Lucano nella “Pharsalia” racconta la fine della storia: “Il sole scioglieva le gelide ombre quando alla porta di Catone venne a bussare piangendo la nobile Marzia, che aveva appena lasciato il sepolcro di Ortensio. E così parlò mesta: “Fino a che vi era ancora del sangue , in me, fino a che avevo forza di generare, Catone, ho fatto quello che mi hai ordinato. Ho avuto due mariti e ho dato a ciascuno di loro dei figli. Ora torno con il ventre esausto, sfinita dai parti, in condizione da non poter essere più ceduta ad altro uomo. Concedimi di rinnovare i casti legami del primo matrimonio; dammi soltanto il nome di moglie, così che sulla mia tomba di possa scrivere: Marzia, moglie di Catone”.
Alla morte di Ortensio, Catone risposa Marzia.
FULVIA
Per indicare l’emancipazione di Fulvia basta dire che non si occupava della casa e non filava la lana; l’esatto contrario delle matrone del buon tempo antico. Fulvia era una donna molto istruita in letteratura greca e latina, sapeva suonare la lira e danzare meglio di qualunque altra, ed era avvezza a molte attività che sono parte integrante di una vita licenziosa. Ma qualunque altra cosa le era più cara della decenza e della moralità. Tuttavia possedeva capacità mentali da non
disprezzare affatto: l’abilità di scrivere i versi, di raccontare le barzellette, di parlare castamente, teneramente e con vivacità, in una parola aveva molto spirito e un grande fascino.
SULPICIA
La storia d’amore tra Sulpicia e Cerinto offre lo spunto per trattare alcuni aspetti rilevanti della condizione della donna all’epoca romana.
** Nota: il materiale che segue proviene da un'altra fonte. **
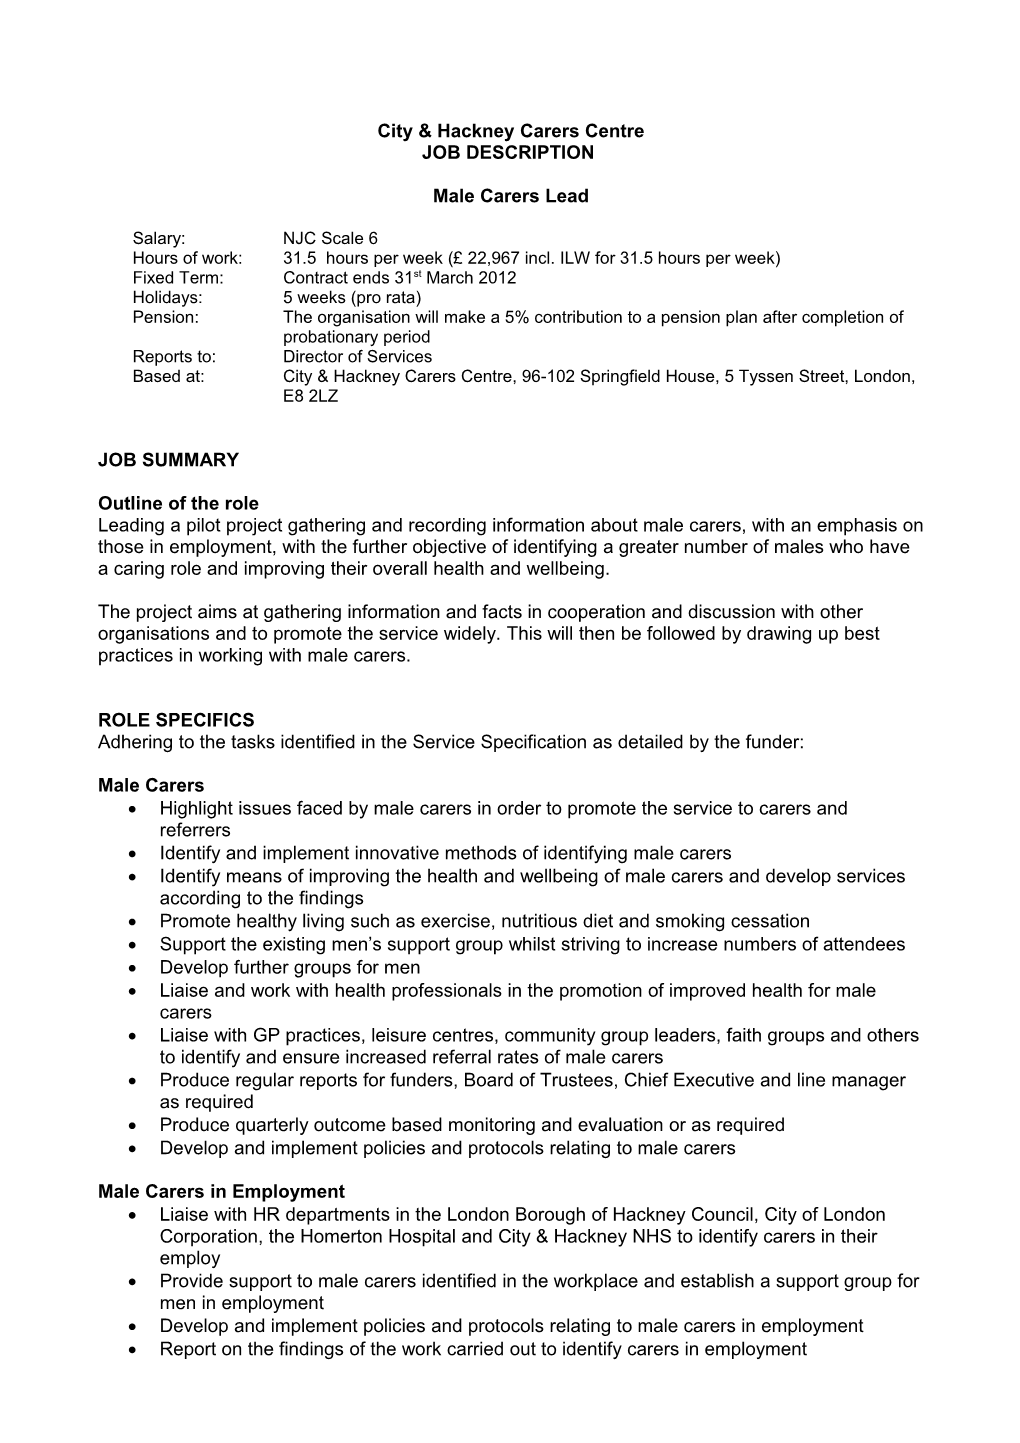 Hackney Carers Centre	Job Description - Director

Sulpicia, vissuta nell’età di Augusto, apparteneva ad una nobile famiglia.
Colta e di buone letture, Sulpicia scrisse poesie d’amore per un certo Cerinto, di cui non si conosce l’identità ma certo dovette trattarsi di un amore proibito, verso cui Sulpicia non si vergogna di manifestare i propri sentimenti.
Non si sa come andò a finire la storia, ma dai pochi versi emergono alcuni dati: la disparità sociale tra i due e la determinatezza della volontà di Sulpicia, la sua sfida alle convenzioni, la sua rivendicazione di autonomia.
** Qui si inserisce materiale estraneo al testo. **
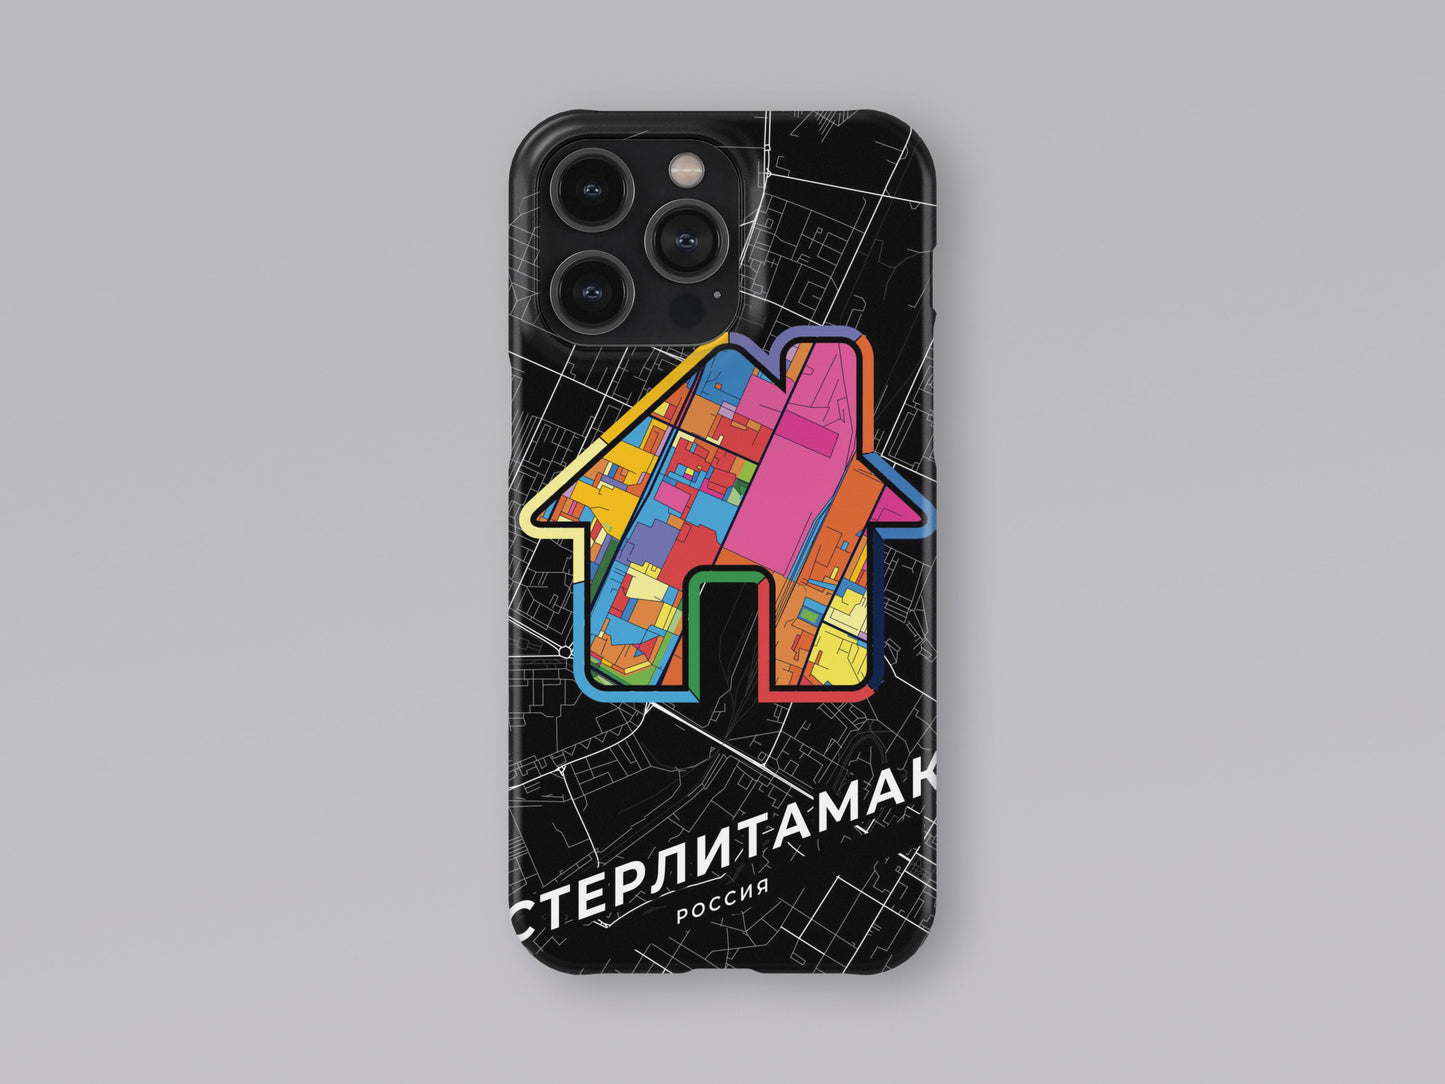 Sterlitamak Russia slim phone case with colorful icon 3

È la voce di una donna libera e di una storia d’amore vissuta in modo, per quei tempi, del tutto inconsueto, di una donna che ha osato così apertamente sfidare le convenzioni.
I poemi di Suplicia non sono stati tramandati sotto il suo nome, ma tra le opere attribuite a Tibullo.
Le donne non avevano canali per far conoscere le proprie opere e, comunque, non veniva presa neppure in considerazione che un’opera femminile potesse essere tramandata ai posteri.